AI Won't Run the Business World: Why We Still Need Human Intelligence
ClearSale at Business.com: Is there a time on the horizon when humans can turn over their businesses to advanced deep-learning neural networks and relax while artificial intelligence does all the work? The early 2000s saw a boom in machine learning, AI and automation — and despite the advances that have given us chatbots and personalized suggestions for everything from shoes to potential spouses, we humans are still necessary for effective business processes in virtually every type of industry.
That's because while artificial intelligence is efficient, it relies on humans to build its intelligence and take on tasks it can't yet handle.
Neural networks have to get the information they use to recognize patterns from humans. We have to decide which data to “feed” the neural networks to train them to handle specific tasks, such as facial recognition or similar products. This is called supervised learning and it's as far as the technology reliably goes for now. Deep-learning technology can do a lot of things it couldn't do a decade ago, according to Roger Parloff at Fortune, but it hasn't evolved enough to let networks sift through raw data on their own to consistently find relevant patterns.
AI is great at using massive amounts of human-selected data, but the knowledge and experience that allow us to select the data is still our domain. And sometimes, our human customers just want to interact with another person. What does this mean for business? For the foreseeable future, machine learning will continue to deliver efficiency that humans can't match, while humans provide the discernment and interpersonal skills that AI cannot. In other words, it's a partnership, not a competition, as demonstrated in a variety of industries.

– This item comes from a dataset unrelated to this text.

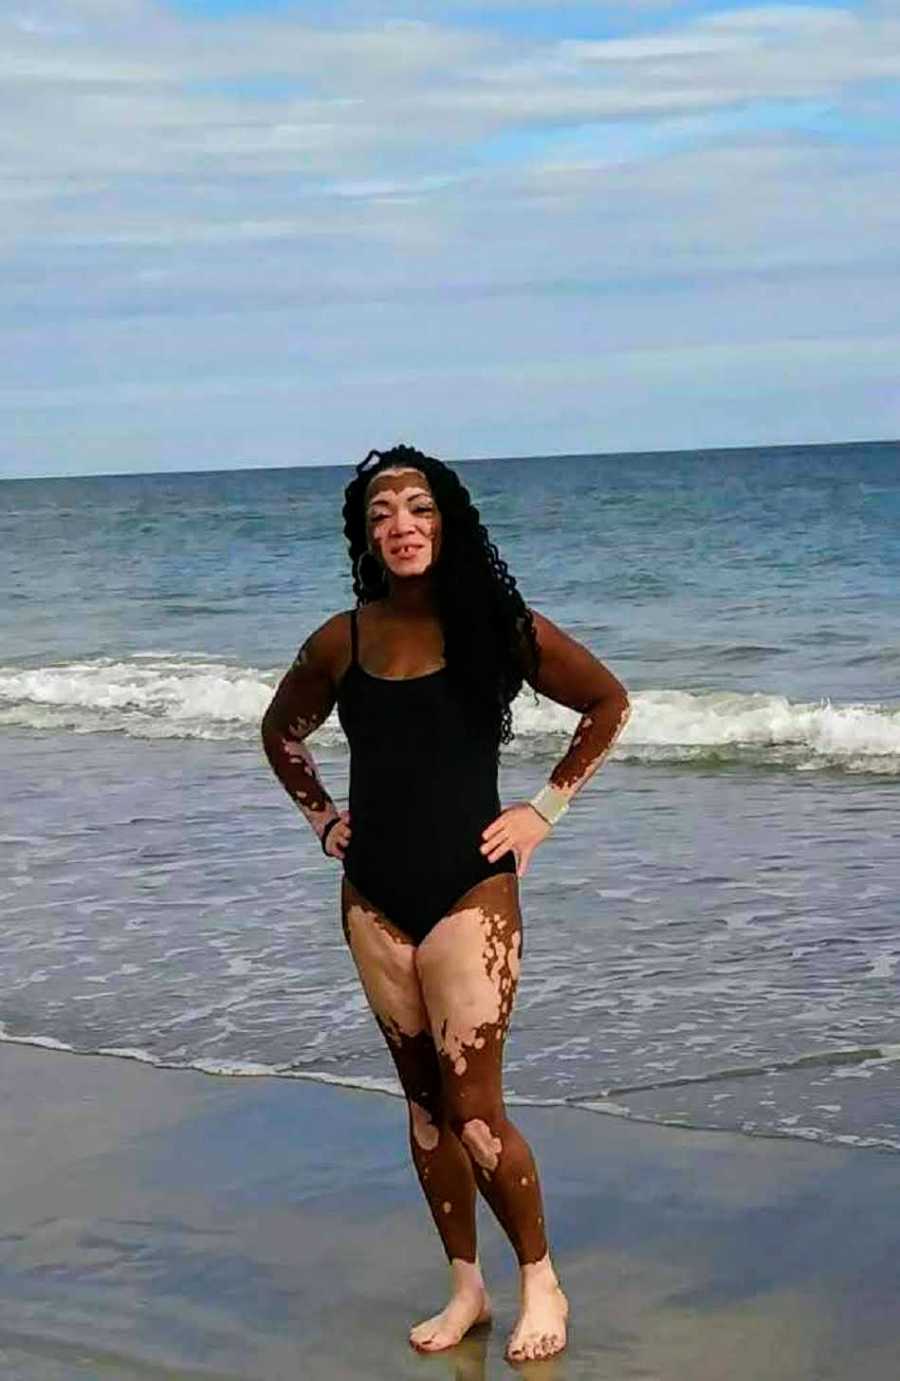 Woman with vitiligo stands on beach in bathing suit with hands on her hips

What chatbots can (and can't) do for customer service operations
Like other AI tools, chatbots have to be trained by human interactions, and in most cases training allows chatbots to offer initial responses to basic customer questions. This frees up human customer service representatives to focus on more complicated customer inquiries. However, it's worth noting that customers may not use chatbots the way retailers and B2B merchants expect them to.
Terena Bell at CMS Wire reported that although many merchants train their chatbots to answer questions about products, US-based customers prefer to deal with humans before they make a purchasing decision. They're more likely to use chatbots after they buy to handle shipping inquiries and updates. This means chatbots need human instruction and need to be used to meet human customers' actual preferences.